Çisem Gündüz, özellikle kış soflarında daha fazla yer bulan kurubaklagilleri haftada 2 kez mutlaka tüketilmesi gerektiğini vurgulayarak, “Zengin içeriğinin yanı sıra yüksek posa içeriği sayesinde sindirim kanalının düzenli çalışmasını da sağlıyor. Baklagillerin hemen her çeşidinde bulunan kemik gelişimi ve sağlığı için gerekli olan kalsiyum, sinir sisteminin düzenli çalışmasını sağlayan B vitaminleri, kan yapıcı demir, potasyum, magnezyum ve E vitaminleri vücudumuzun korunmasına katkı sağlıyor. Aynı zamanda iyi bir protein kaynağı olması ve kan şekerini dengeleyici özelliğinden de yararlanmak için kurubaklagilleri sadece yemek olarak değil, yemeklerin yanındaki salatalara haşlanmış formlarını da ekleyebilirsiniz” dedi.

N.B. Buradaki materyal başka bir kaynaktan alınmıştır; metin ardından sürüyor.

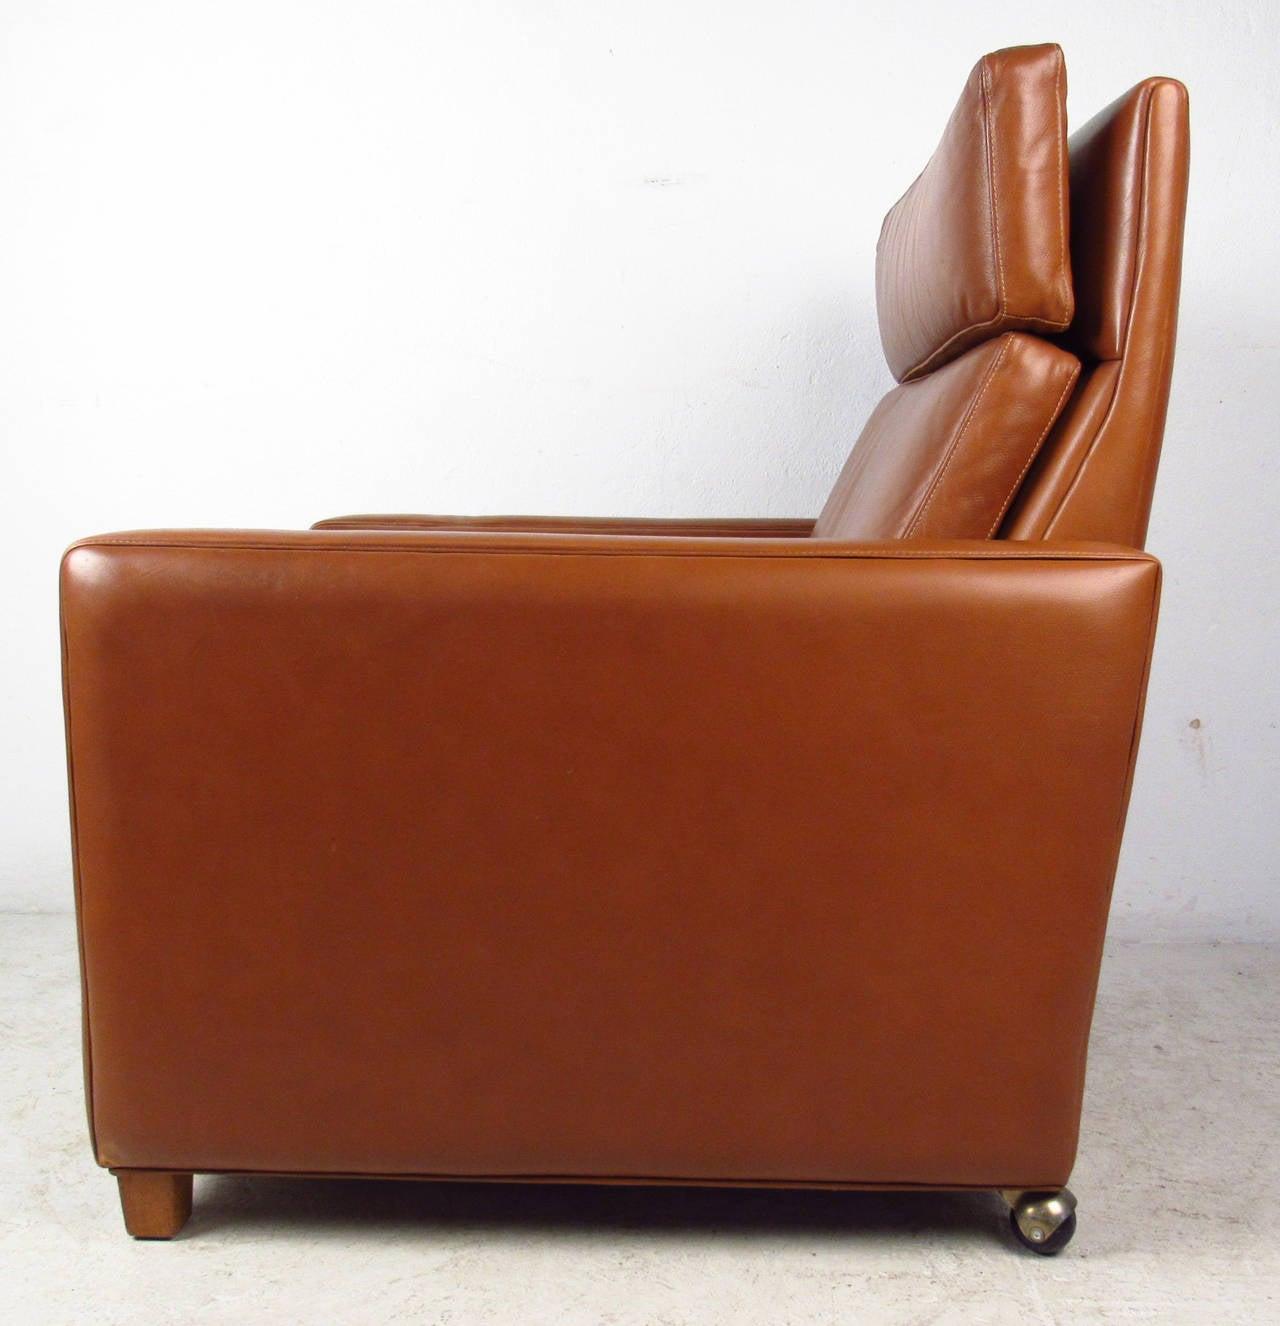 Scandinavian Modern Børge Mogensen Leather Lounge Chair For Sale

Gündüz, meyveleri kabuğu ile birlikte tüketmenin posa içeriğini artırdığını ve bu sayede sindirim kanalını daha düzenli çalıştırdığının altını çizdi.
Beslenme ve Diyet Uzmanı Gündüz, vitamin ve minerallerden zengin meyvelerin bağışıklık sisteminin güçlü kalmasına yardımcı olduğunu hatırlatarak, “Erkekler için günlük 3 porsiyon, kadınlar içinse günlük 2 porsiyon meyve tüketimi uygun olacaktır. Bunun yanında mevsimde olan sebzelerden mutlaka öğle ve akşam öğünlerinde yer vermek önem taşıyor” diye konuştu.